Shortly before chatting to The Blizzard, Kamara signed for Columbus Crew - the MLS team who had picked him. For some that may be seen as a move back, but for Kamara, it’s something of a homecoming. “As much as I enjoyed the Premier League, I respect the Major League and the players who are here so much that I had no hesitation in coming back,” he said. “The only thing was that I couldn’t play for the national side. I had to stay here to solidify my next career move. But I hope the guys can do well. The task at hand is big.”
Sierra Leone held Cameroon to a goalless draw – a decent result in itself – but one which meant their chances of appearing at the Cup of Nations in 2015 all but disappeared. Qualifying for tournaments in the future is unlikely unless there is a dramatic upsurge in what Sierra Leone have available to them and Kamara knows it. “We need preparation to be a lot better,” he said. ”That has always been our biggest problem.”
That is only on the field. Sierra Leone has far bigger problems off it and it’s those that Kamara is more driven to solving. In the immediate term, he wants to do something about Ebola, having witnessed its horrors first-hand. “I could not believe what I saw when I went back,” he said. “The disease had spread so much and there was such fear. The problem was that people didn’t believe that it existed at first. I just hope first-world countries can help get things sorted out and that we can do our bit as well. We know that it’s not something we can control so all we can do is to fight together.”
Once that battle is won, Kamara wants to turn back to the bigger picture of promoting Sierra Leone in a more positive light and he has a plan for how to do it. “I’d like to be a movie star,” he said. “Seriously.

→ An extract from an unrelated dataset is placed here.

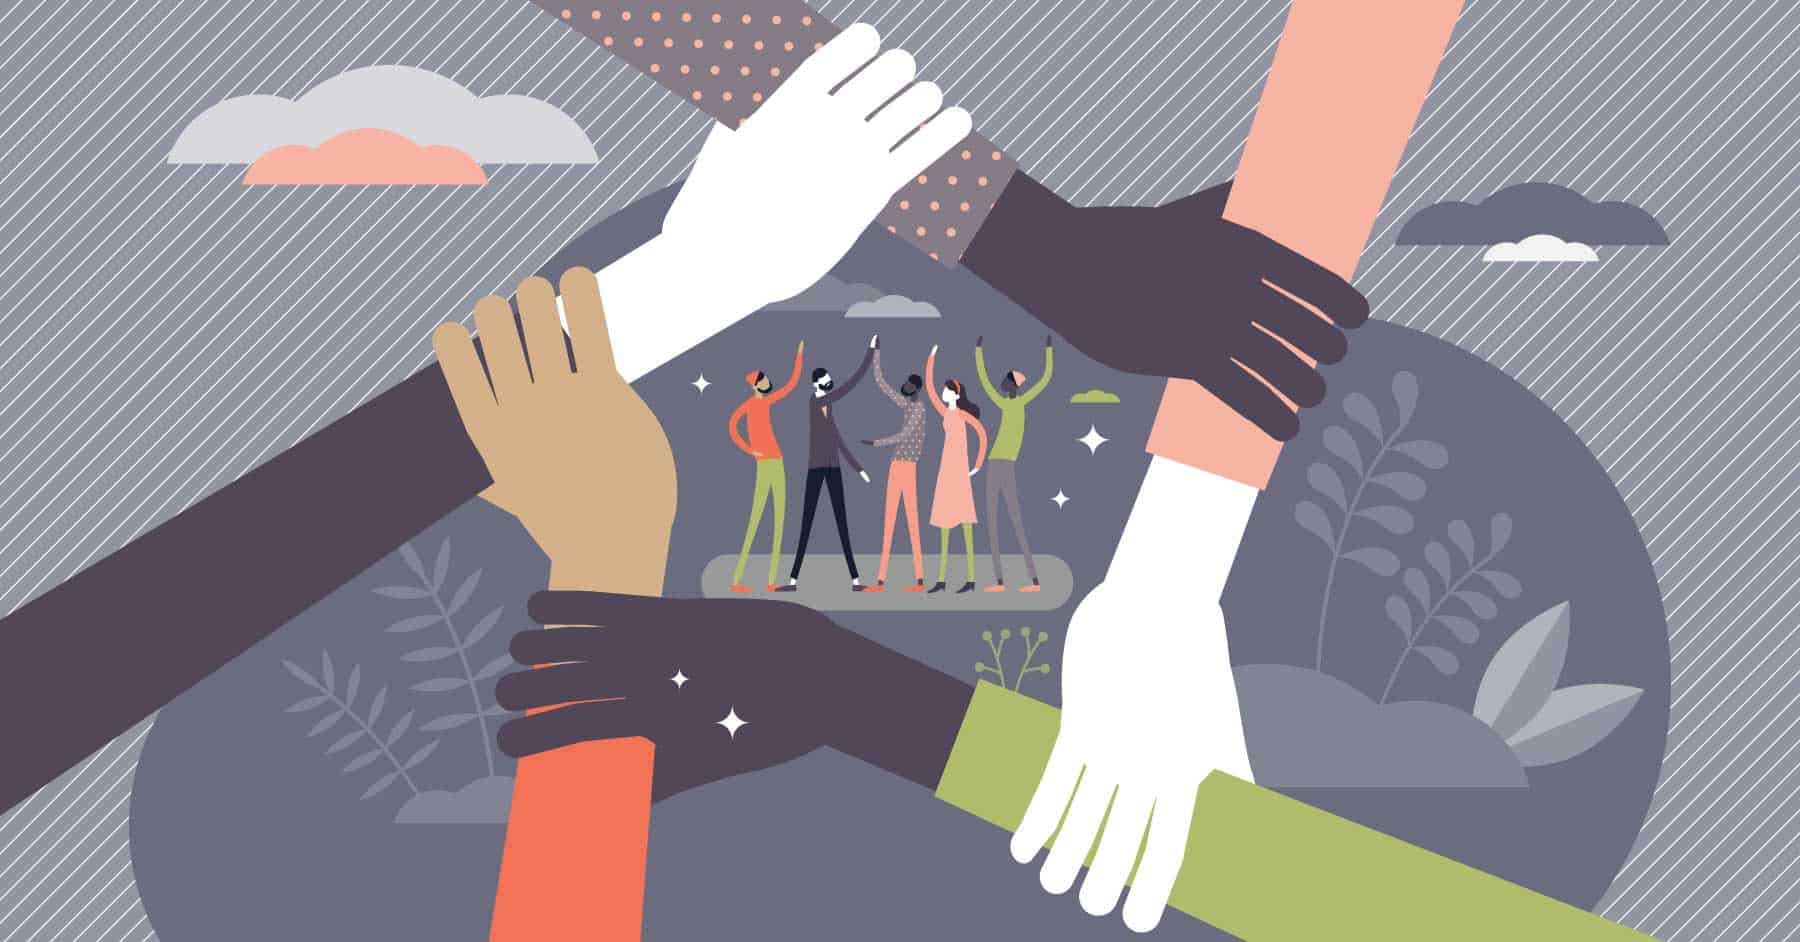 Buildng strong communities

I do a bit of television work at the moment but I want to do something to represent Africans and tell a story that the world should know.” He references movies like Captain Phillips, a story about Somali pirates holding hostages, and Machine Gun Preacher, on Somali orphans, as the kind of stories he would like to tell not because of the desperate situations they show but because they tell of people’s attempts to change them.
Does all that mean Kamara will one day return home for good? Even he is not so sure, especially now that he is recently married and thinking of starting a family in the States. “I can never turn down my country but going back permanently is not something that is in my plans right now,” he said. “I just know that I love going home, I will keep going and I enjoy going home every single time.” That he still considers it home says everything about where his heart is.